Bit of similar error for me, when trying to redeploy the SM DA 1.18.7 after its SM instance got discarded (accidentally). In my case, it was coming from DevSecOps ALM stack. https://cloud.ibm.com/projects/71ebf194-18f9-45c2-bc22-9d7c62e4ef54/configurations/49710c65-3a60-4ddf-8a6c-7b226ddec42f/edit

 2024/10/09 15:28:21 Terraform plan | Changes to Outputs:
 2024/10/09 15:28:21 Terraform plan |   ~ secrets_manager_crn    = "crn:v1:bluemix:public:secrets-manager:eu-de:a/ab0571c606236c08ccd5471e264911a2:d1e1f9b9-b359-4bf4-8964-92eac0cca836::" -> (known after apply)
 2024/10/09 15:28:21 Terraform plan |   ~ secrets_manager_guid   = "d1e1f9b9-b359-4bf4-8964-92eac0cca836" -> (known after apply)
 2024/10/09 15:28:21 Terraform plan |   ~ secrets_manager_id     = "crn:v1:bluemix:public:secrets-manager:eu-de:a/ab0571c606236c08ccd5471e264911a2:d1e1f9b9-b359-4bf4-8964-92eac0cca836::" -> (known after apply)
 2024/10/09 15:28:21 Terraform plan | 
 2024/10/09 15:28:21 Terraform plan | Warning: Argument is deprecated
 2024/10/09 15:28:21 Terraform plan | 
 2024/10/09 15:28:21 Terraform plan |   with module.kms[0].module.kms_key_rings["devsecops-sm-cos-key-ring"].ibm_kms_key_rings.key_ring,
 2024/10/09 15:28:21 Terraform plan |   on .terraform/modules/kms.kms_key_rings/main.tf line 9, in resource "ibm_kms_key_rings" "key_ring":
 2024/10/09 15:28:21 Terraform plan |    9:   force_delete  = var.force_delete
 2024/10/09 15:28:21 Terraform plan | 
 2024/10/09 15:28:21 Terraform plan | force_delete is now deprecated. Please remove all references to this field.
 2024/10/09 15:28:21 Terraform plan | 
 2024/10/09 15:28:21 Terraform plan | Error: GetNotificationsRegistrationWithContext failed Get "https://d1e1f9b9-b359-4bf4-8964-92eac0cca836.private.eu-de.secrets-manager.appdomain.cloud/api/v2/notifications/registration": dial tcp: lookup d1e1f9b9-b359-4bf4-8964-92eac0cca836.private.eu-de.secrets-manager.appdomain.cloud on 172.21.0.10:53: no such host
 2024/10/09 15:28:21 Terraform plan | null
 2024/10/09 15:28:21 Terraform plan | 
 2024/10/09 15:28:21 Terraform plan | 
 2024/10/09 15:28:21 Terraform plan |   with module.secrets_manager.ibm_sm_en_registration.sm_en_registration[0],
 2024/10/09 15:28:21 Terraform plan |   on ../../main.tf line 139, in resource "ibm_sm_en_registration" "sm_en_registration":
 2024/10/09 15:28:21 Terraform plan |  139: resource "ibm_sm_en_registration" "sm_en_registration" {
 2024/10/09 15:28:21 Terraform plan | 
hiltol commented 3 weeks ago

I am also encountering errors when trying to undeploy the stack.

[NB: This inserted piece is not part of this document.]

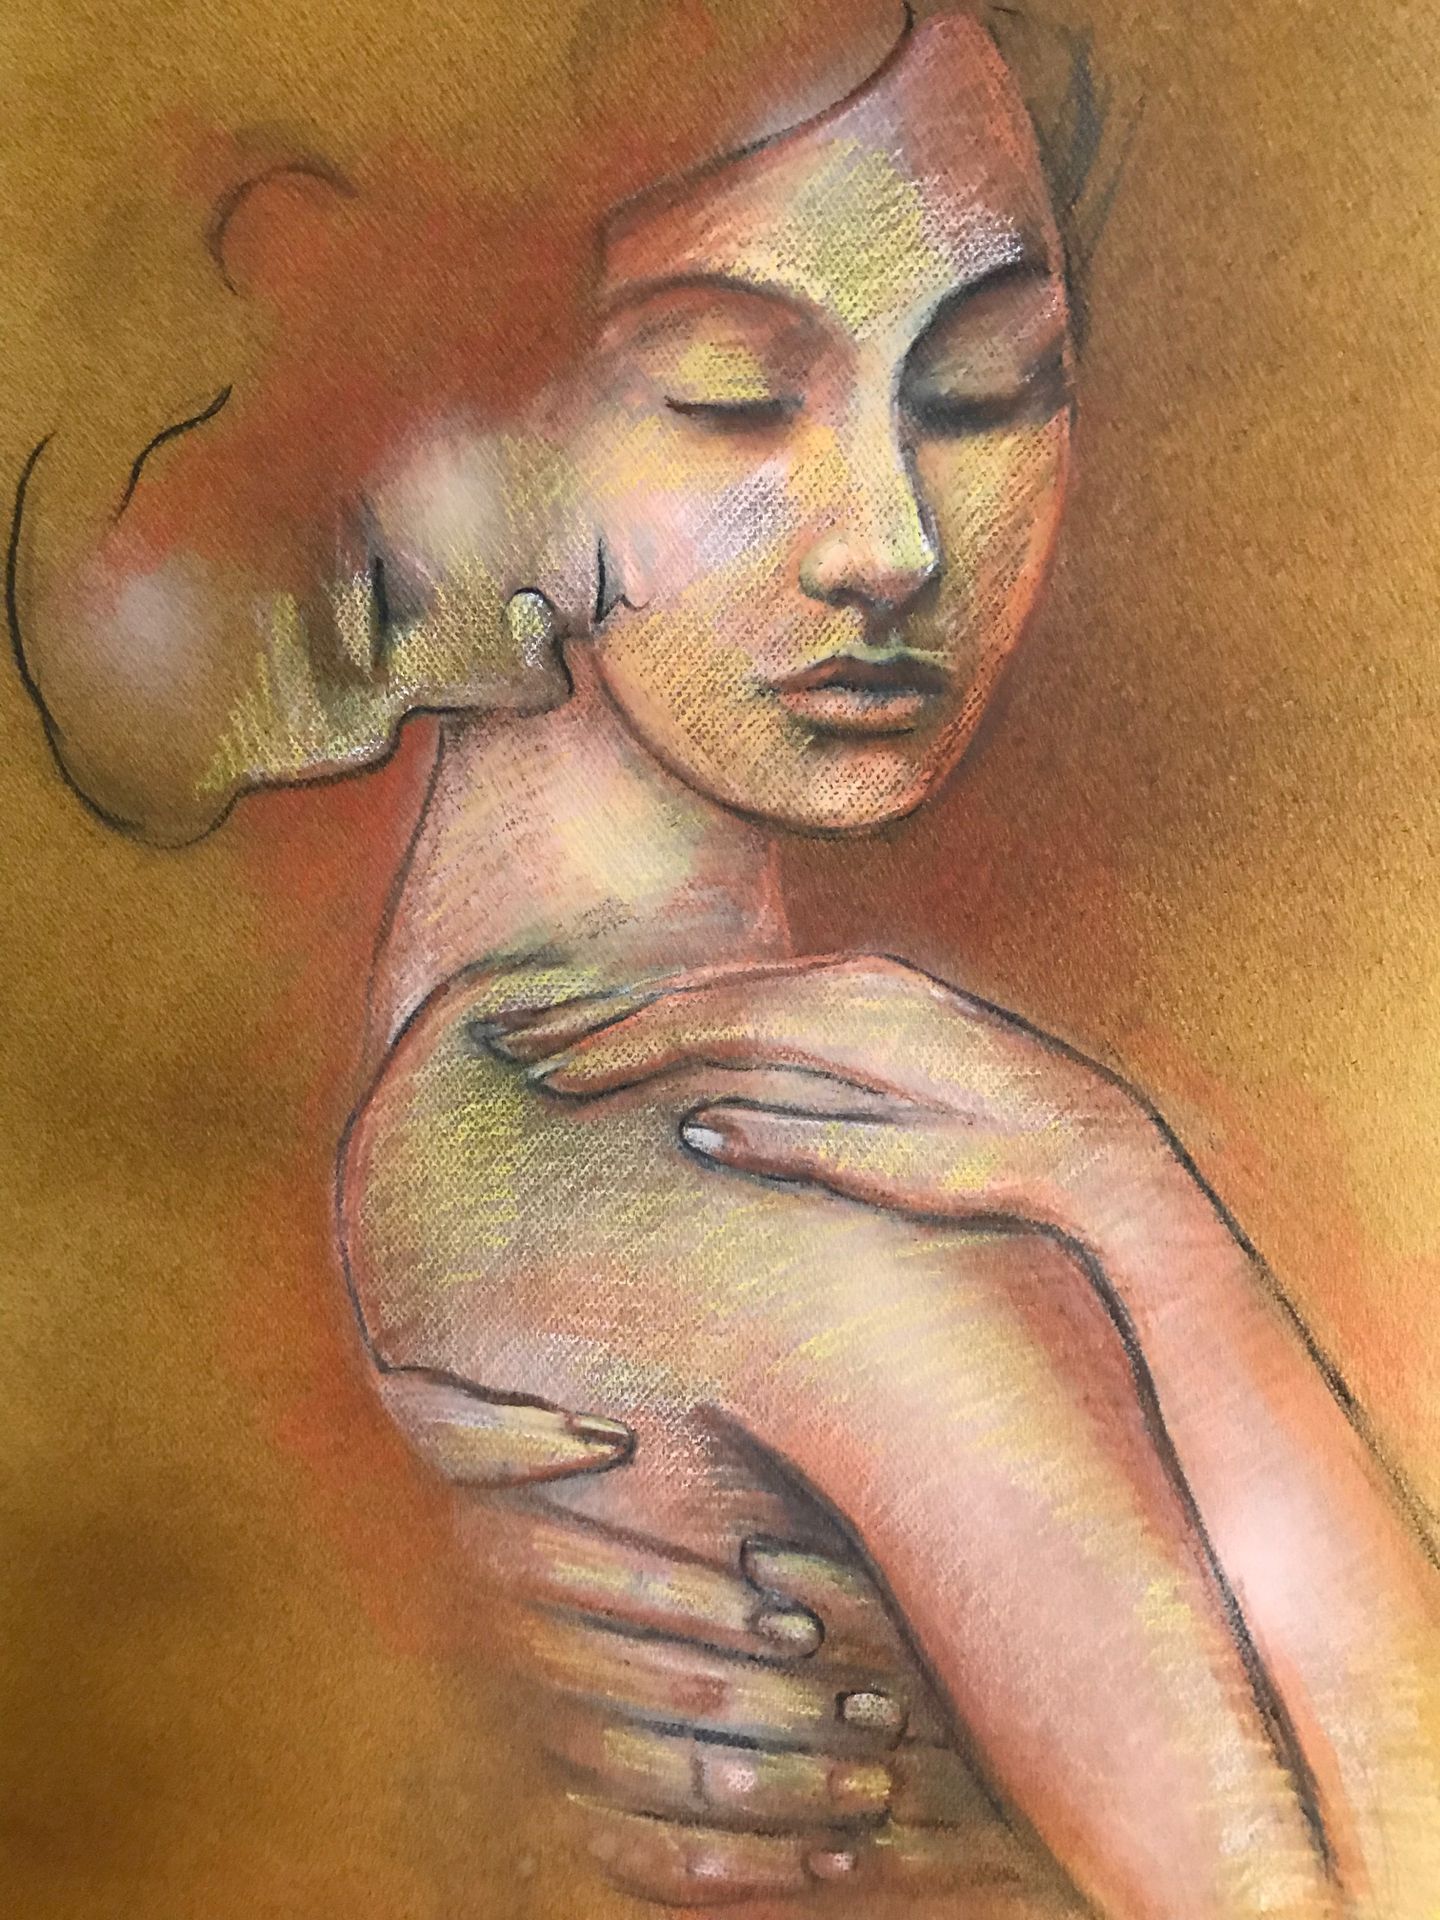 Maria Amaral (née en 1950) Dónde estás?", 2019. Pastel sobre papel. 65 x 50 cm.

Screenshot 2024-10-29 at 4 13 54 PM Screenshot 2024-10-29 at 4 18 51 PM

Workspace Logs: workspace-logs.txt

ocofaigh commented 2 weeks ago

@hiltol Your errors seem to be related to permissions: Error: DeleteTektonPipelinePropertyWithContext failed Forbidden (cc @padraic-edwards @huayuenh)

huayuenh commented 2 weeks ago

@ocofaigh a continuous delivery service is a hard requirement for the ALM. Must have been in place when ALM was stood up but deleted before attempting to remove the ALM. Was the CD service stood using the ALM?